When you copy the listing, skip the images and return each line verbatim.
---------- Information provided
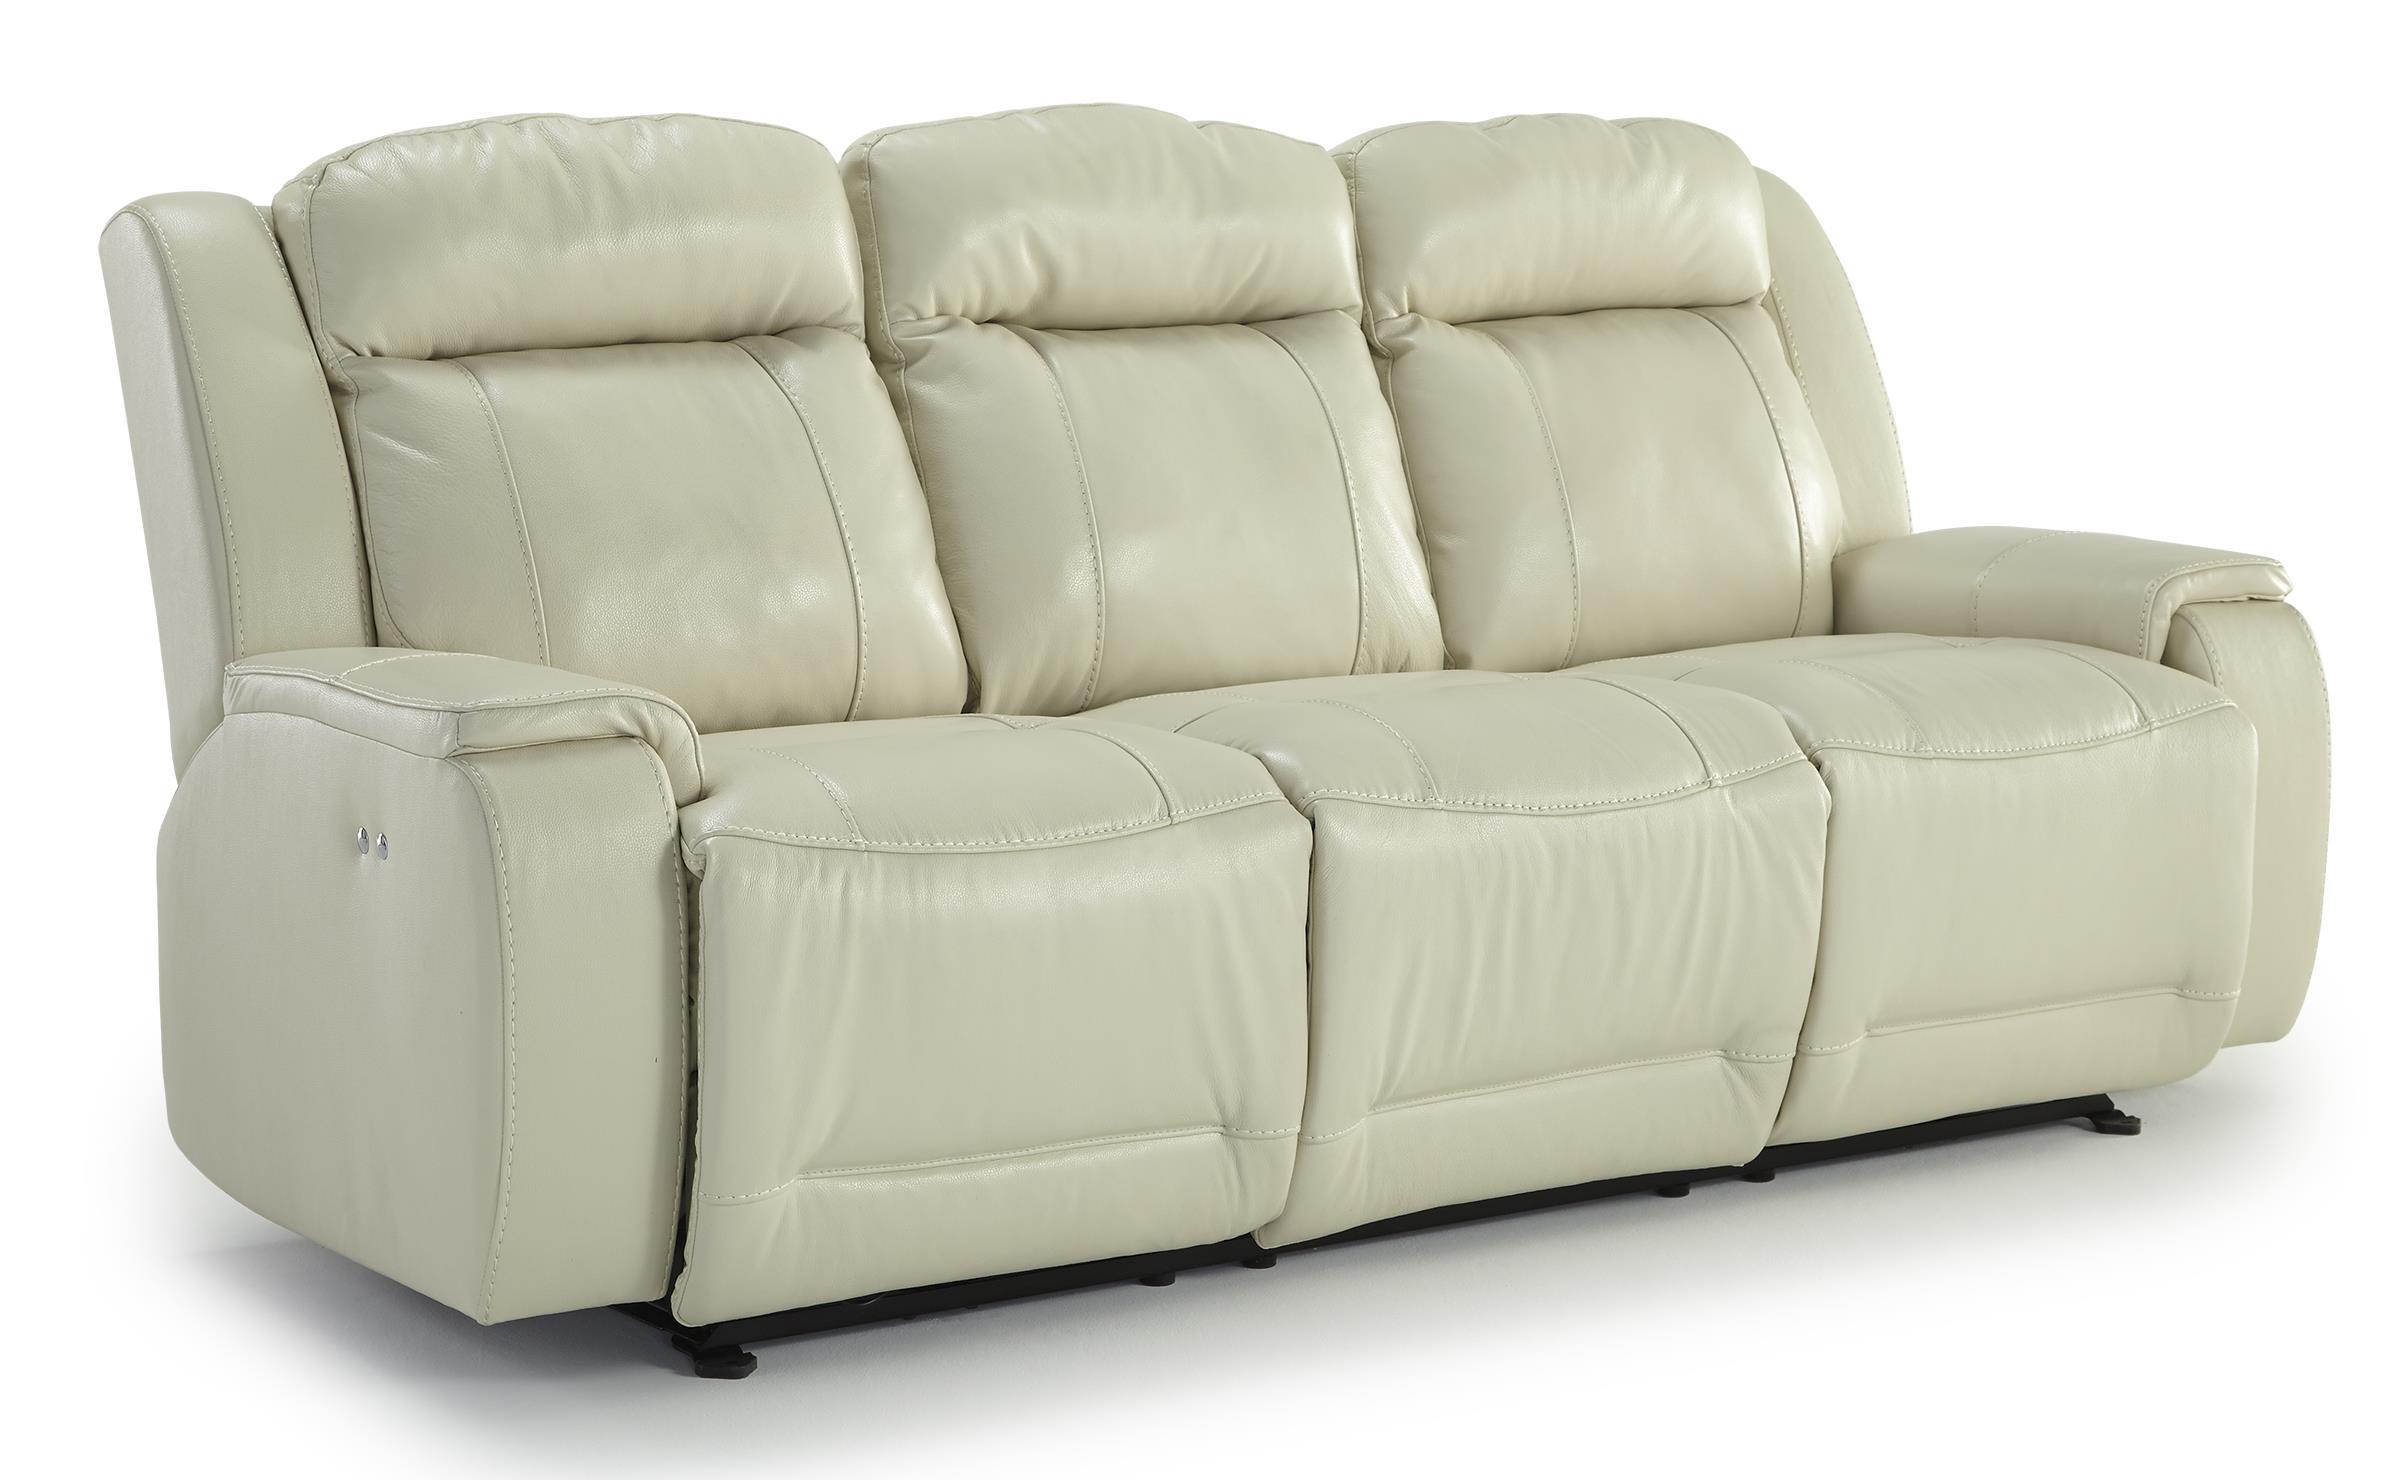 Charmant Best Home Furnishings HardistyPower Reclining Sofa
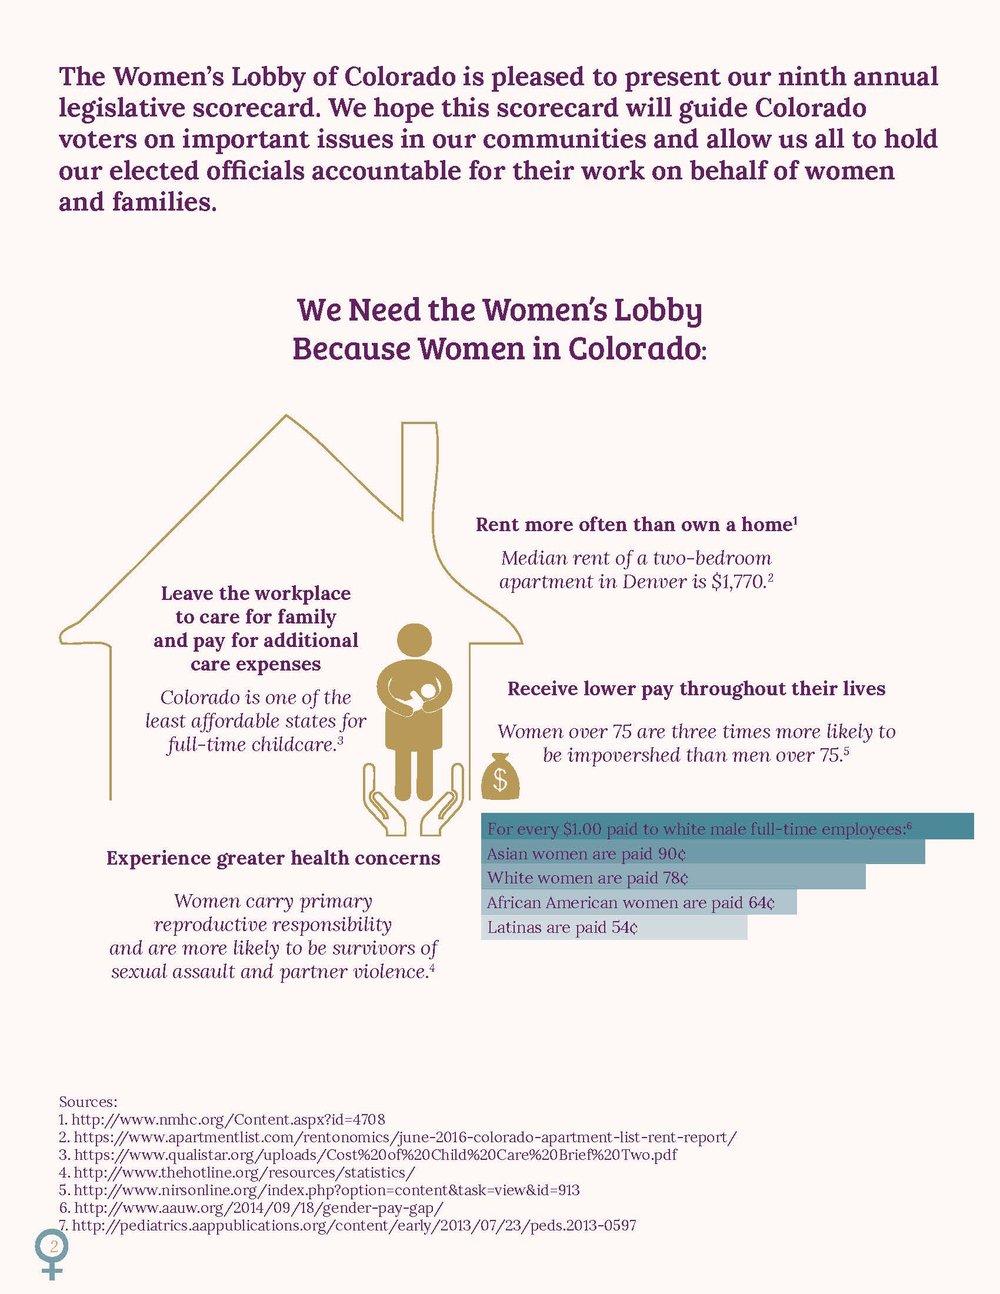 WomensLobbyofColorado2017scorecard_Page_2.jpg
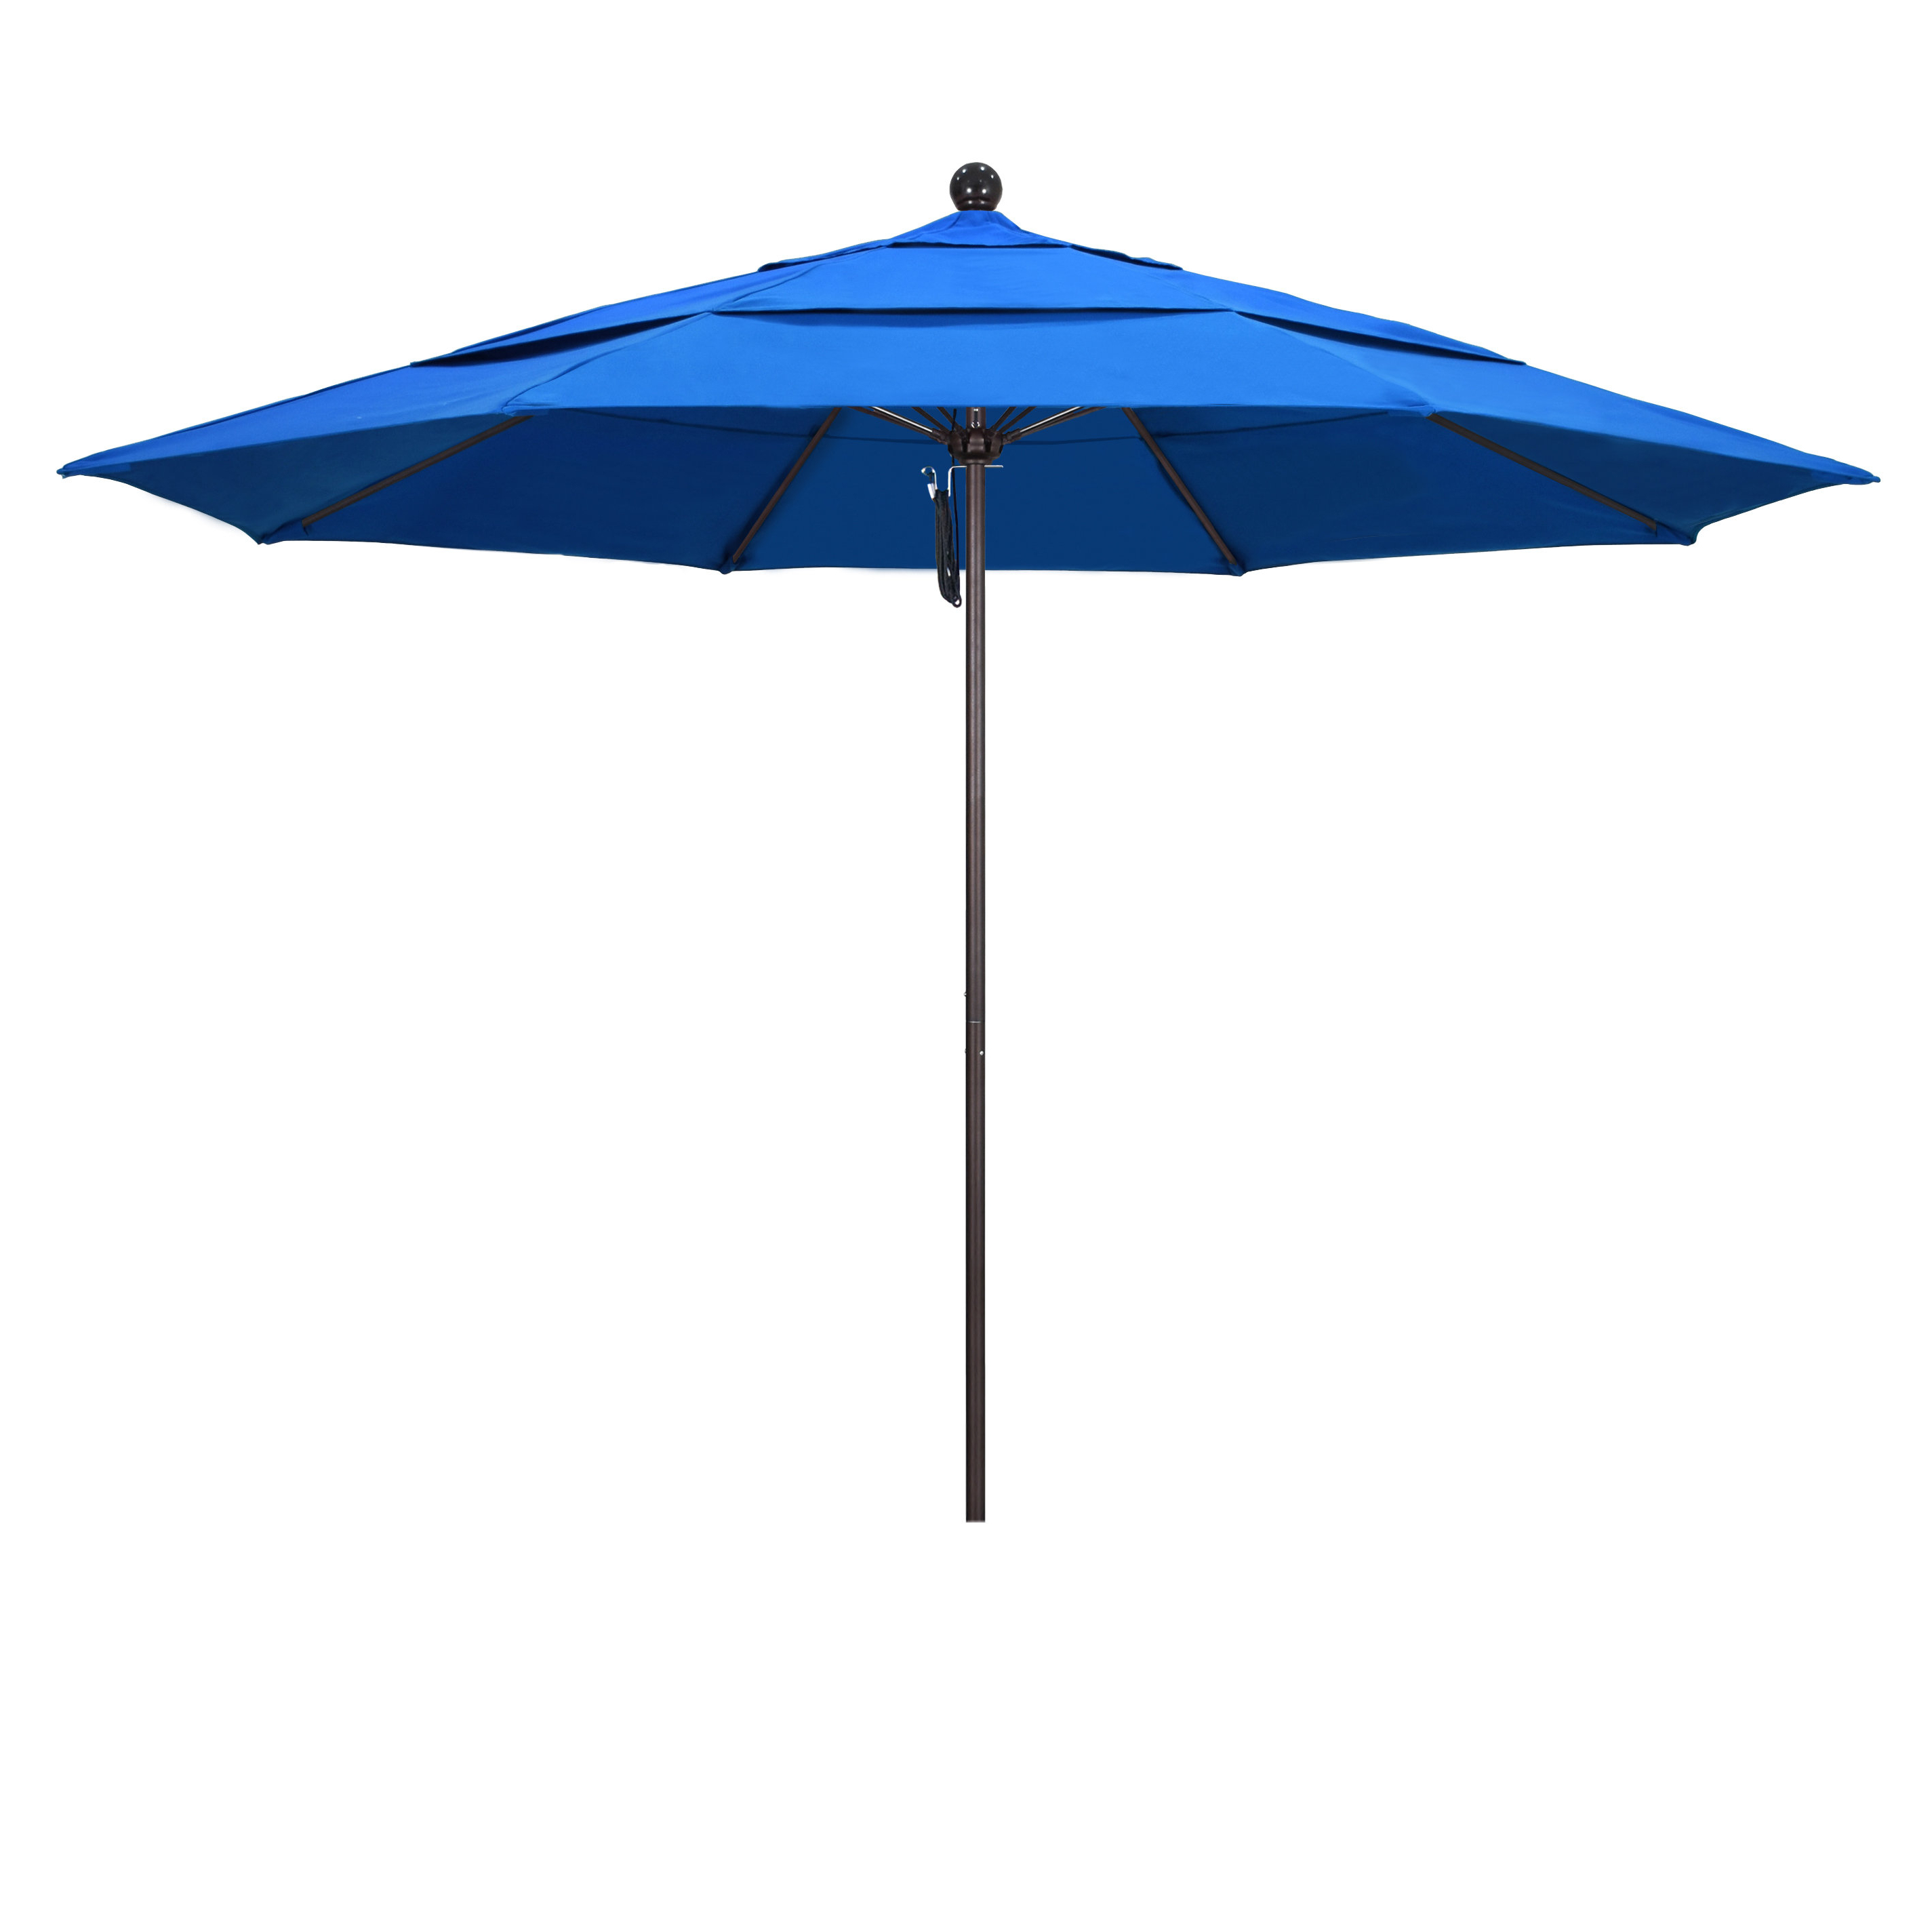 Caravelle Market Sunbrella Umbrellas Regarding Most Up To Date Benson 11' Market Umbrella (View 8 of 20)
--------------------
Your solution:
 Charmant Best Home Furnishings HardistyPower Reclining Sofa
 WomensLobbyofColorado2017scorecard_Page_2.jpg
 Caravelle Market Sunbrella Umbrellas Regarding Most Up To Date Benson 11' Market Umbrella (View 8 of 20)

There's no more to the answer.